Task objective
What you give back from the listing below should be an exact copy of the lines from the one with "Short Necklace of" down to the one with "Pradera Fashion Division", and it should contain no pictures.

Recorded information
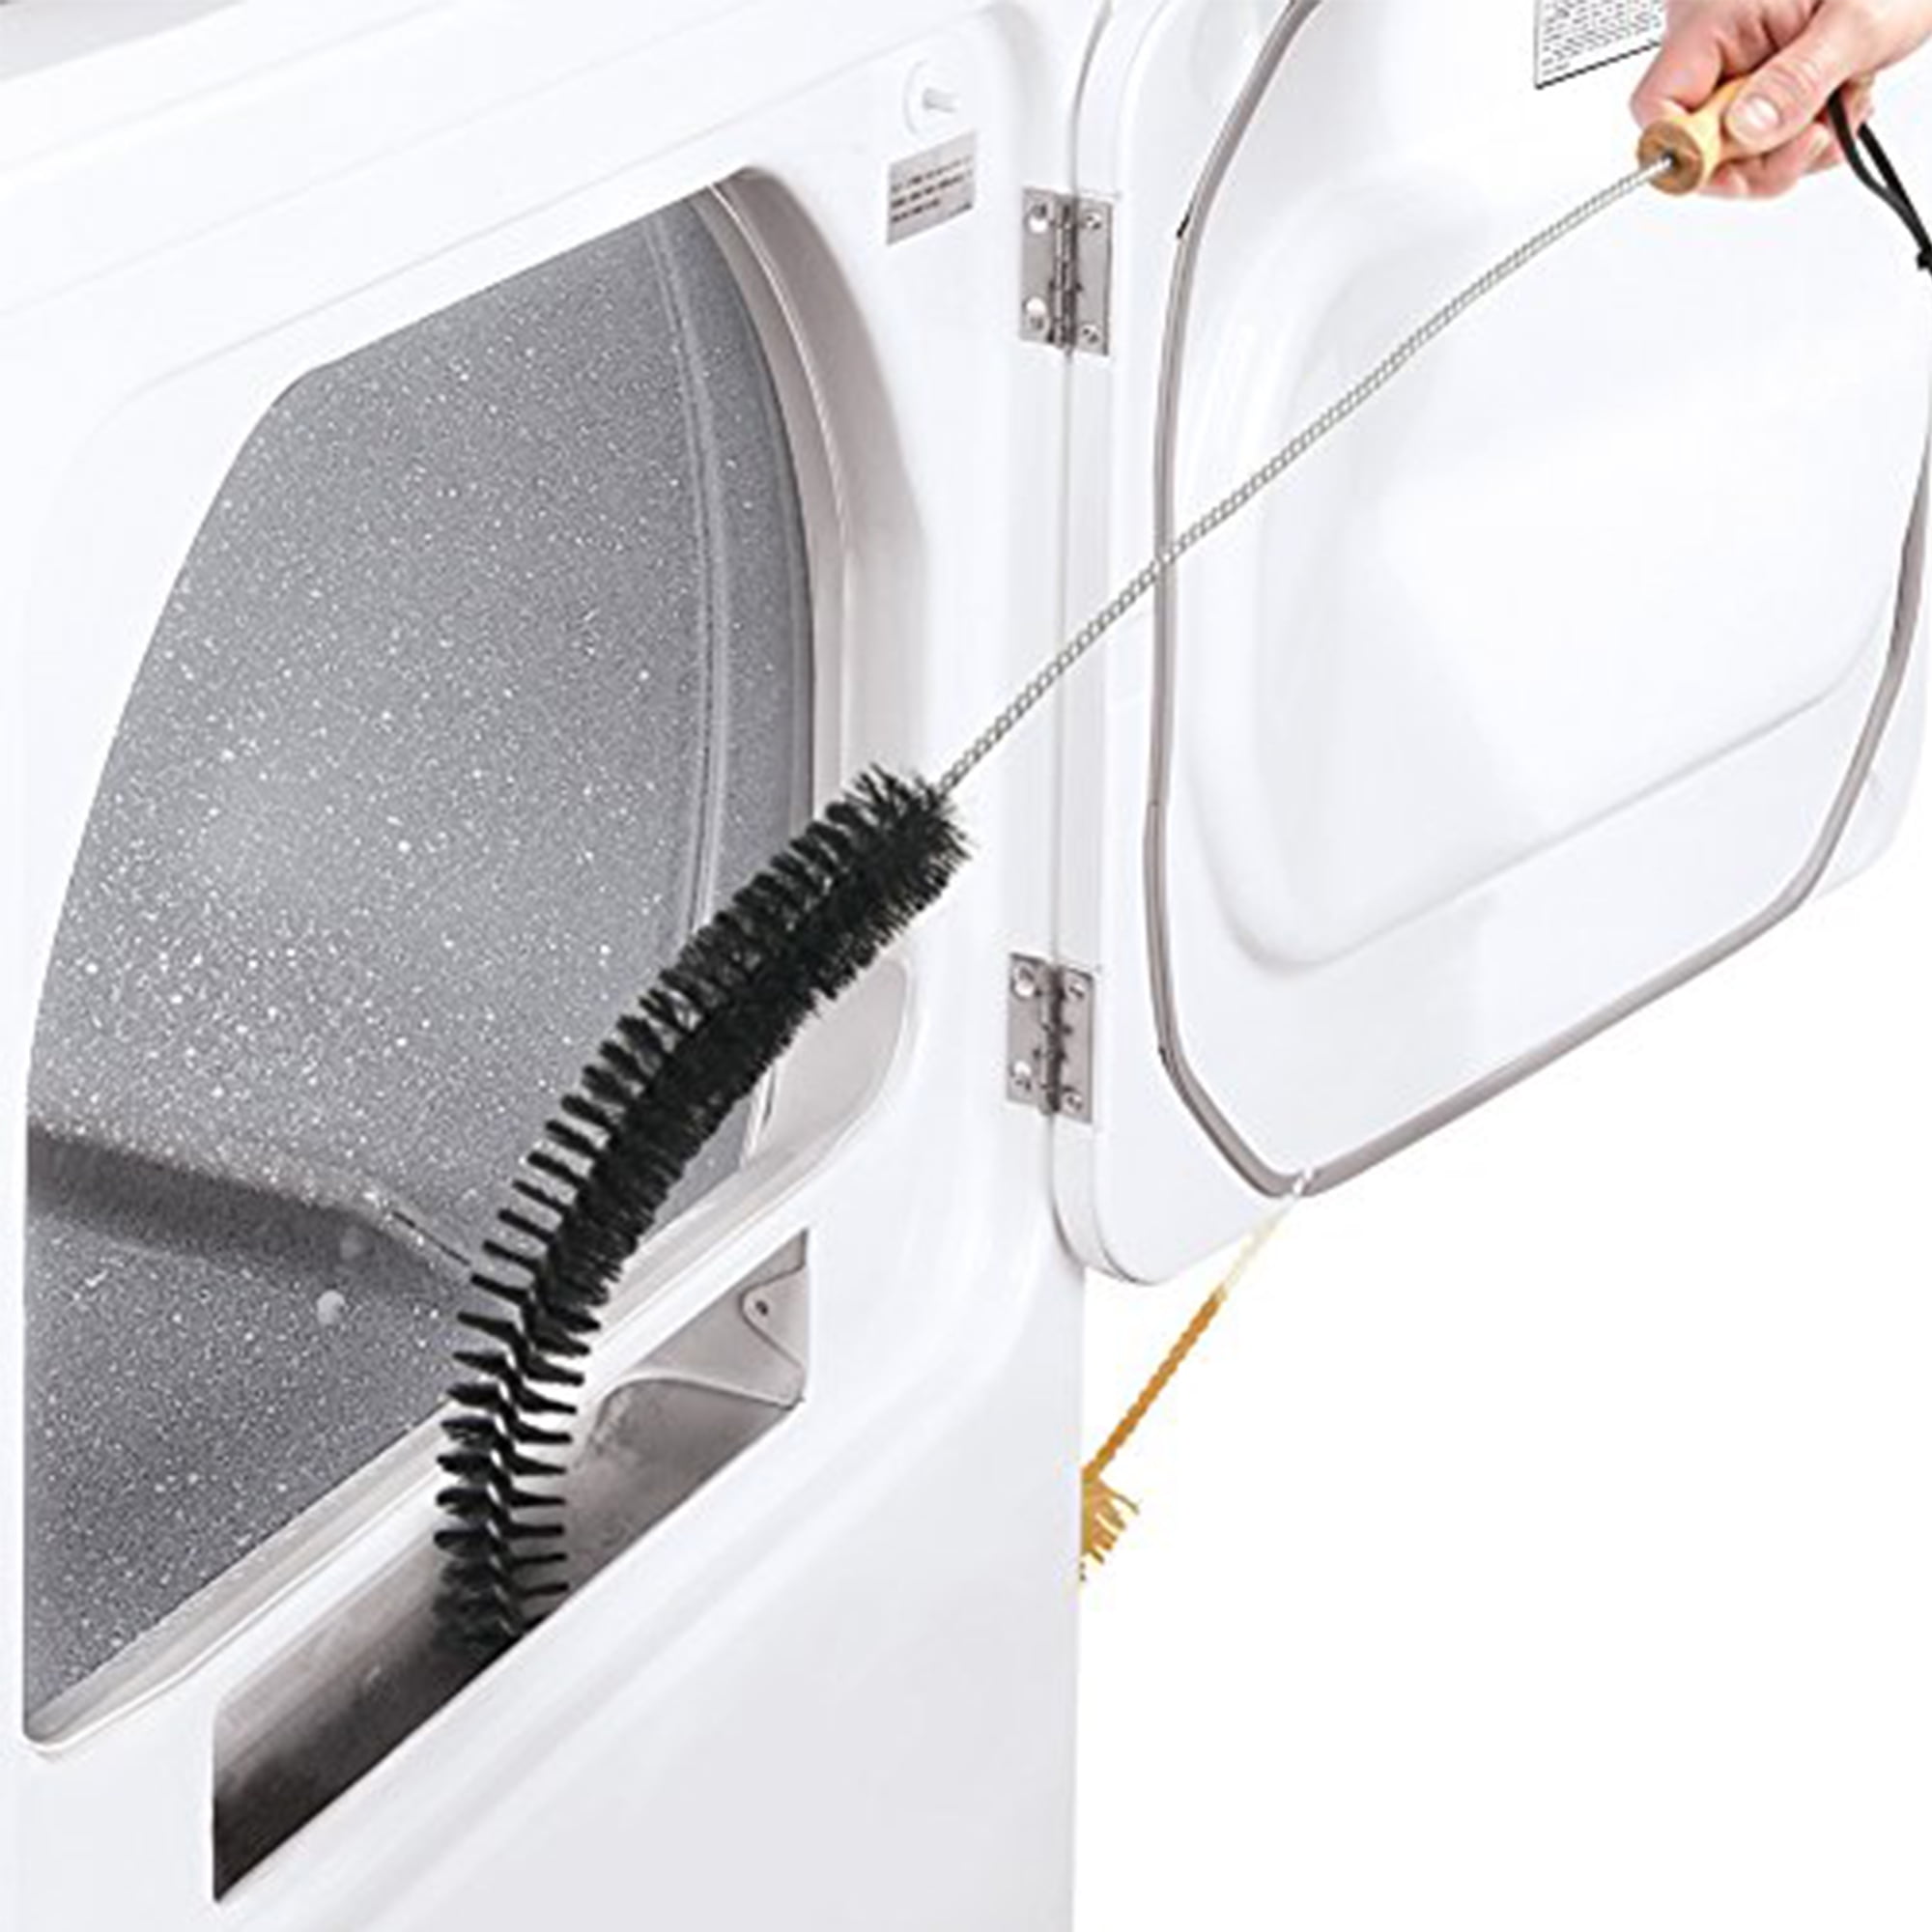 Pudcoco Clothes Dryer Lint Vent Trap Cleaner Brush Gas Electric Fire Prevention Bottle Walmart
--
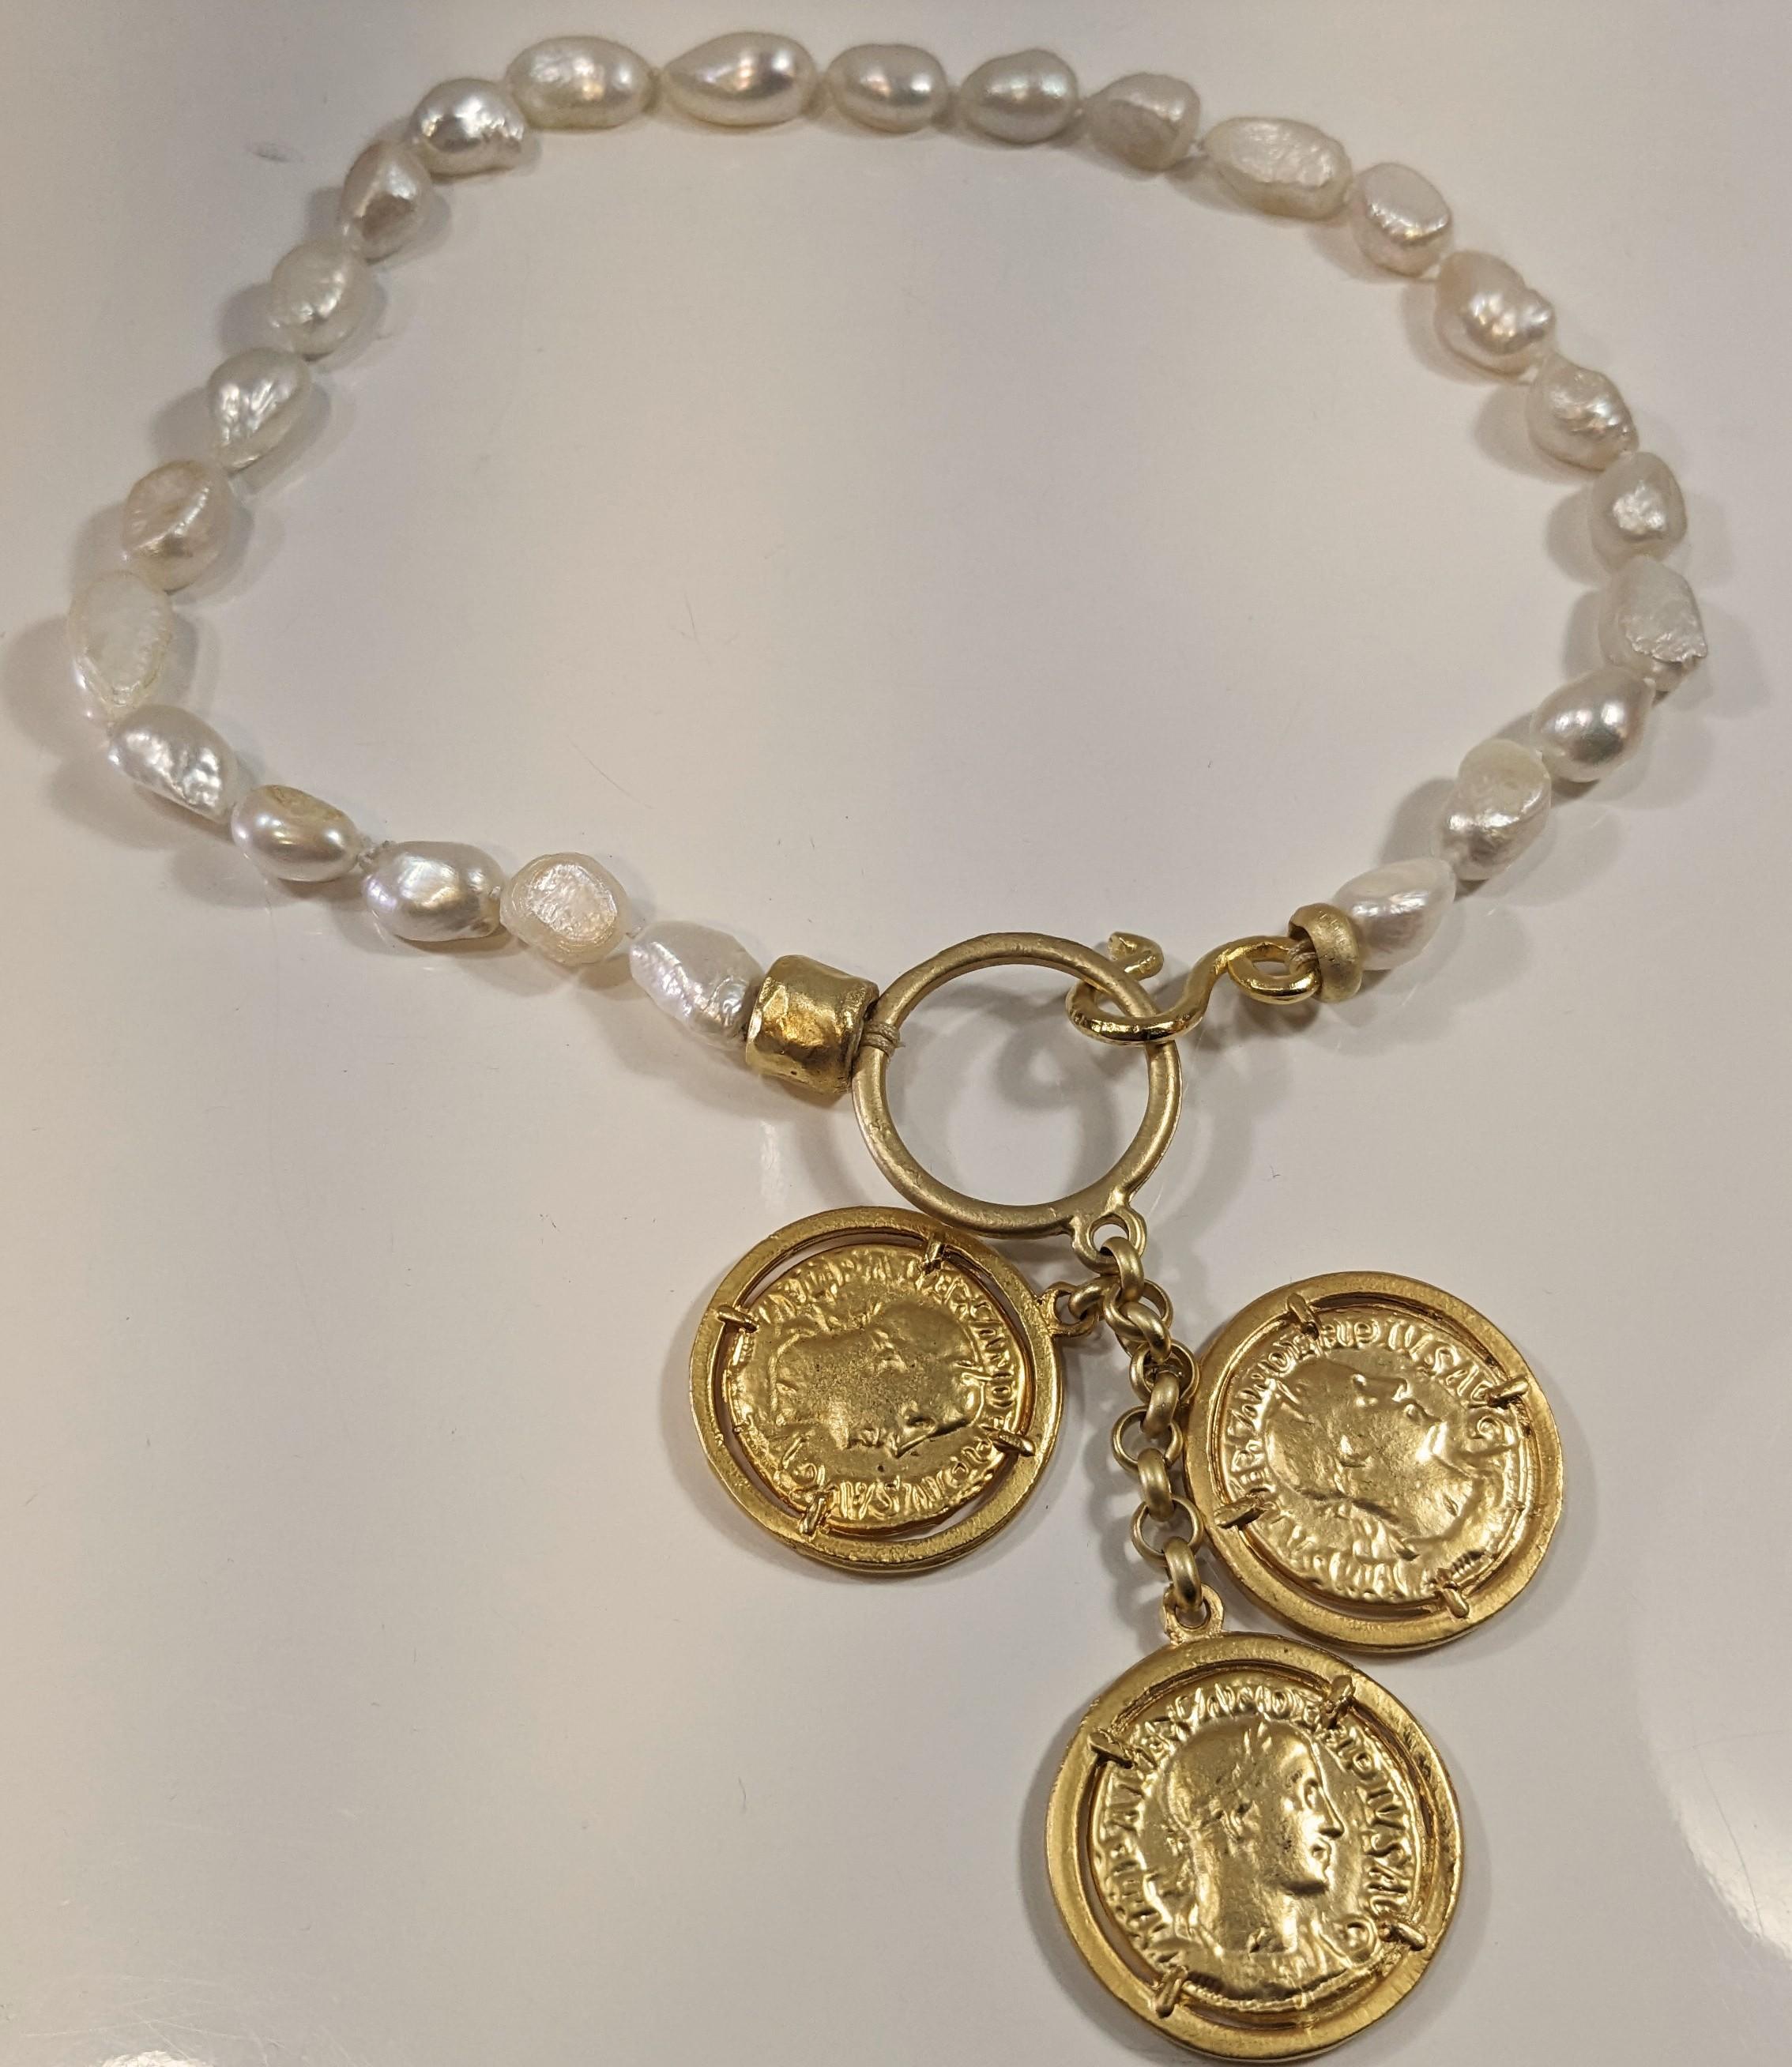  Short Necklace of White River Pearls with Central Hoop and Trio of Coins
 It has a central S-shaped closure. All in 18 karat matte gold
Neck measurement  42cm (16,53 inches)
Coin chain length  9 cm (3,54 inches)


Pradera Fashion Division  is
==
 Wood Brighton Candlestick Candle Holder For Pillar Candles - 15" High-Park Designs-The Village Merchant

Task output
  Short Necklace of White River Pearls with Central Hoop and Trio of Coins
 It has a central S-shaped closure. All in 18 karat matte gold
Neck measurement  42cm (16,53 inches)
Coin chain length  9 cm (3,54 inches)


Pradera Fashion Division  is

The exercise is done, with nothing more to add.